Top

Mistry's removal was 'necessary' for future success: Ratan Tata

The decision to change the leadership of Tata Sons was a well-considered and serious one for its board members.

Mumbai: As ousted Tata Group Chairman Cyrus Mistry stepped up attack, Ratan Tata on November 1 hit back saying his removal was "absolutely necessary" for the future success of the Tata Group.

"The decision to change the leadership of Tata Sons was a well-considered and serious one for its board members. This difficult decision, made after careful and thoughtful deliberation, is one the board believes was absolutely necessary for the future success of the Tata Group," the interim chairman wrote to employees of USD 100 billion Group.

The letter came shortly after Mistry ratcheted up war of words by rebutting "insinuations" of mishandling a dispute with Japan's NTT DoCoMo, saying Ratan Tata was party to all decisions regarding the telecom venture.

Tata, 78, who retired as Tata Group Chairman nearly four years back, justified his return for "maintaining stability and continuity of leadership" and promised to give the group "a world-class leader" when a fulltime boss is appointed.

Earlier in the day, Mistry's office issued a statement saying all decisions on the telecom joint venture with DoCoMo and the following dispute were taken with unanimous approval of Board of Tata Sons as well as family patriarch Ratan Tata.

The handling of the USD 1.17 billion compensation slapped by an arbitration panel over breach of agreement with DoCoMo is said to one of the triggers for Tata Sons sacking Mistry last month.

"Insinuations that the Docomo issue was handled under the watch of Mistry in a manner inconsistent with Tata culture and values are baseless. The suggestion that Ratan Tata and the trustees would not have approved of the manner in which the litigation was conducted is contrary to what transpired," the statement said.

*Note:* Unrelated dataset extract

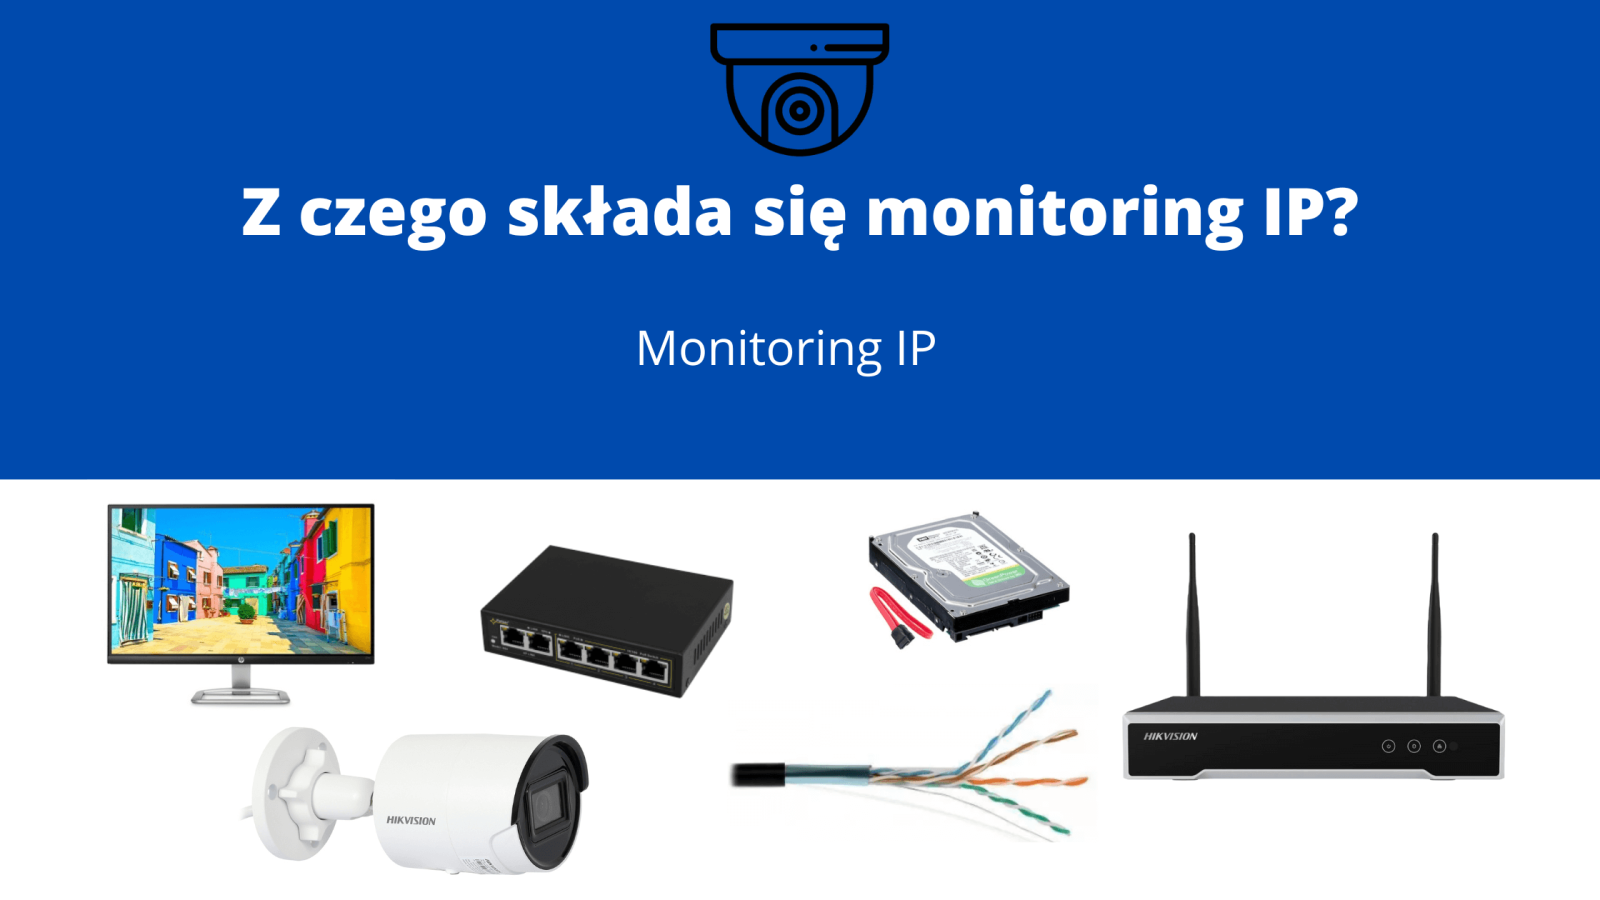 Z czego składa się monitoring IP?
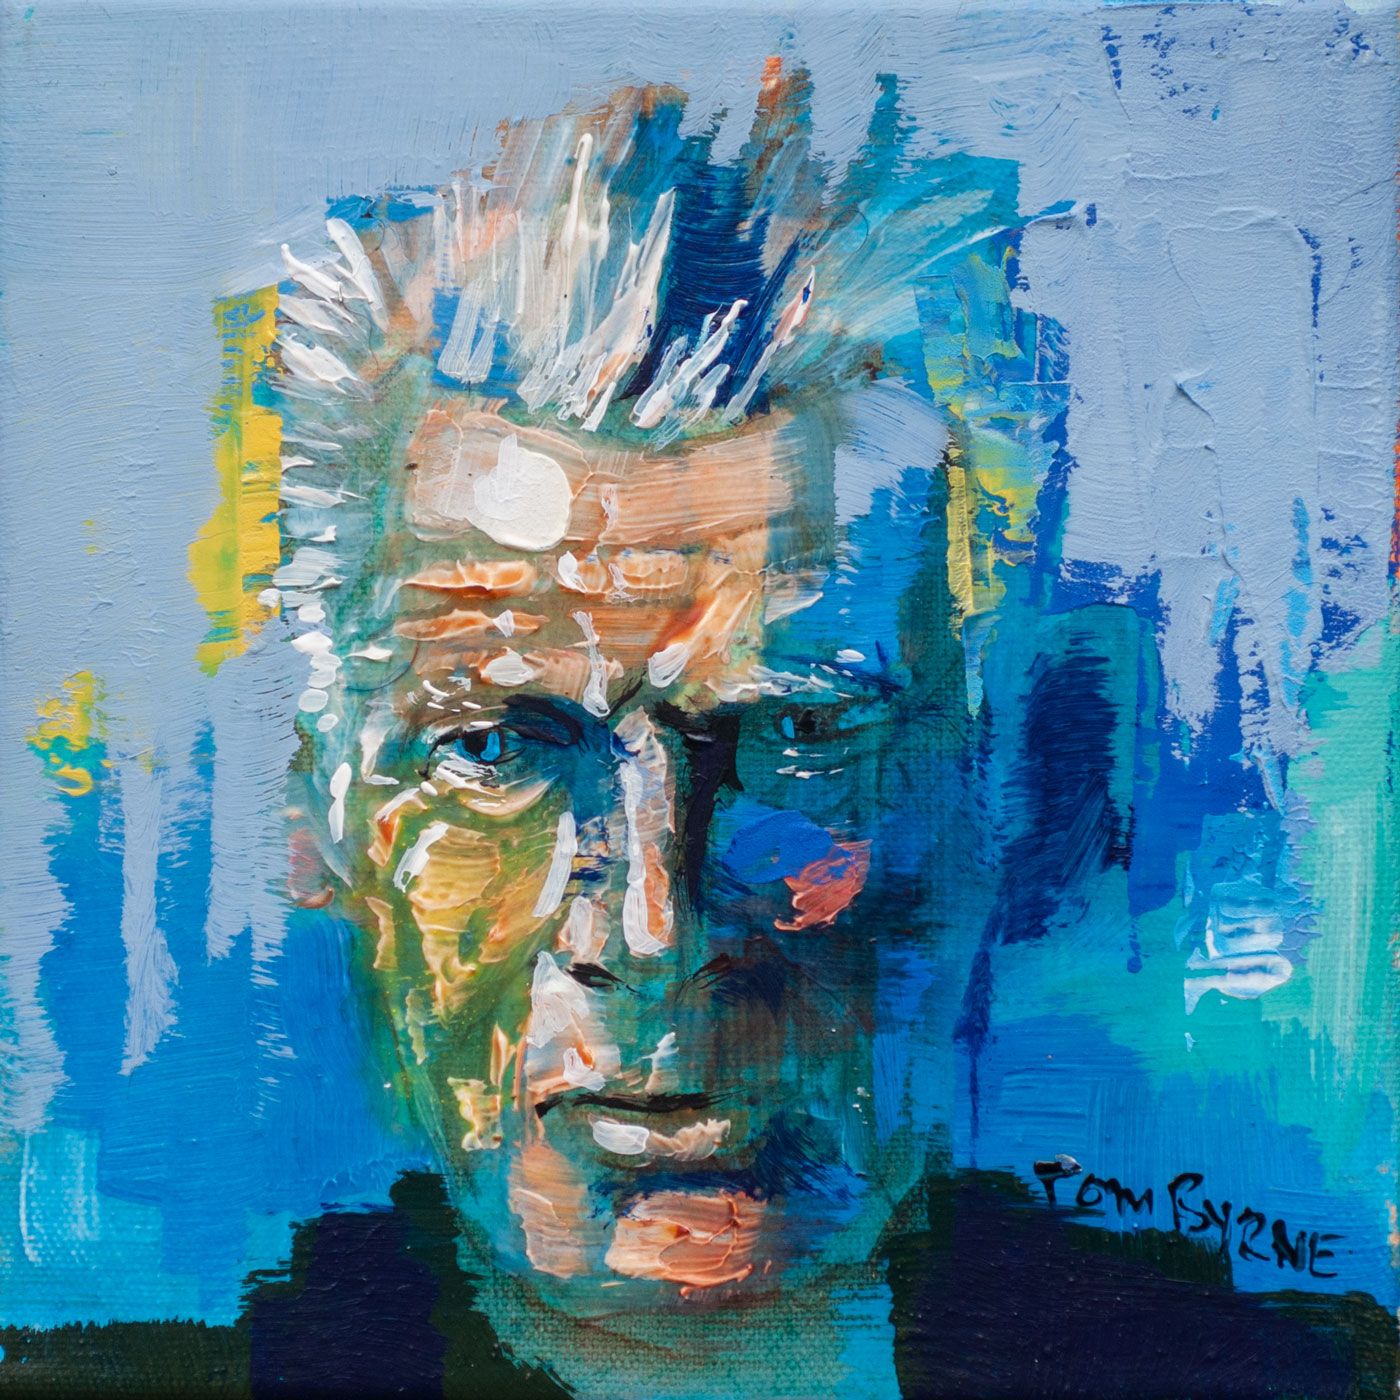 Samuel Beckett in Blue by Tom Byrne

Responding to the statement, a Tata group spokesman said: "The insinuations are being imagined and this (DoCoMo) matter is sub-judice."

Tata in his second letter to employees after the October 24 sacking of Mistry, said the Group companies should focus on their profit margins and their market position and not compare themselves to their own past.

"The focus has to be on 'leading' rather than 'following'," he wrote.

Stating that he was excited to work with them once again, Tata in his letter to over 6.6 lakh employees sought to soothe them in the wake of high profile top level change and its subsequent public spat with Mistry.

"Your company and the Tata group are well served. The directors on your boards and the empowered leadership of your companies continue to serve with the same degree of passion and ethical commitment as they have done in the past," he wrote.

As a group, Tata continued, "we are steadfast in our resolve to maintain the Tata culture and value system that all of us have worked so hard to nurture over the decades."

Praising the spirit the employees, he said, "During its long history, the group has faced and overcome many challenges. Our employees have displayed their spirit at all times to create great companies that have delivered value to the shareholders."

Mistry's office had earlier in the day reiterated that the agreement with DoCoMo had been executed before he became executive chairman of the Tata Group and "all decisions were taken with the unanimous approval of the Tata Sons board".

"In fact, all decisions were collective decisions and the actions were consistent with every such collective decision."

Tata Group is entangled in a legal tussle with Japanese firm, NTT DoCoMo. DoCoMo had in November 2009 acquired 26.5 per cent stake in Tata Teleservices for about Rs 12,740 crore (at Rs 117 per share) with an understanding that in case it exits the venture within five years, it will be paid a minimum 50 per cent of the acquisition price.

DoCoMo, in April 2014, decided to exit the joint venture that struggled to grow subscribers quickly and sought Rs 58 per share or Rs 7,200 crore from the Tatas.

But the Indian group offered Rs 23.34 a share in line with RBI guidelines that states that an international firm can only exit its investment at a valuation "not exceeding that arrived at on the basis of return on equity".

The Japanese firm then dragged the Tatas to international arbitration where it won a USD 1.17 billion award. Tata Sons has said they will resist enforcement of the arbitration award in India as also other jurisdictions as it has been barred by Indian law and public policy.

Insisting that Ratan Tata and NA Soonawala, Trustee, were kept informed throughout the process, the Mistry's office said they even participated in separate meetings held with him.

"They also participated in the meeting with the legal counsel (who also happened to be a trustee of the Dorabji Tata trust) and who represented Tatas in the litigation. At all times, Ratan Tata and Soonawala concurred and approved the course of action adopted by the Tatas and as advised by legal counsel," it said.

Meanwhile, N S Rajan and Nirmalya Kumar resigned as non- executive directors on boards of Indian Hotels Company and Tata Chemicals respectively, days after Group Executive Council set up by Mistry was disbanded.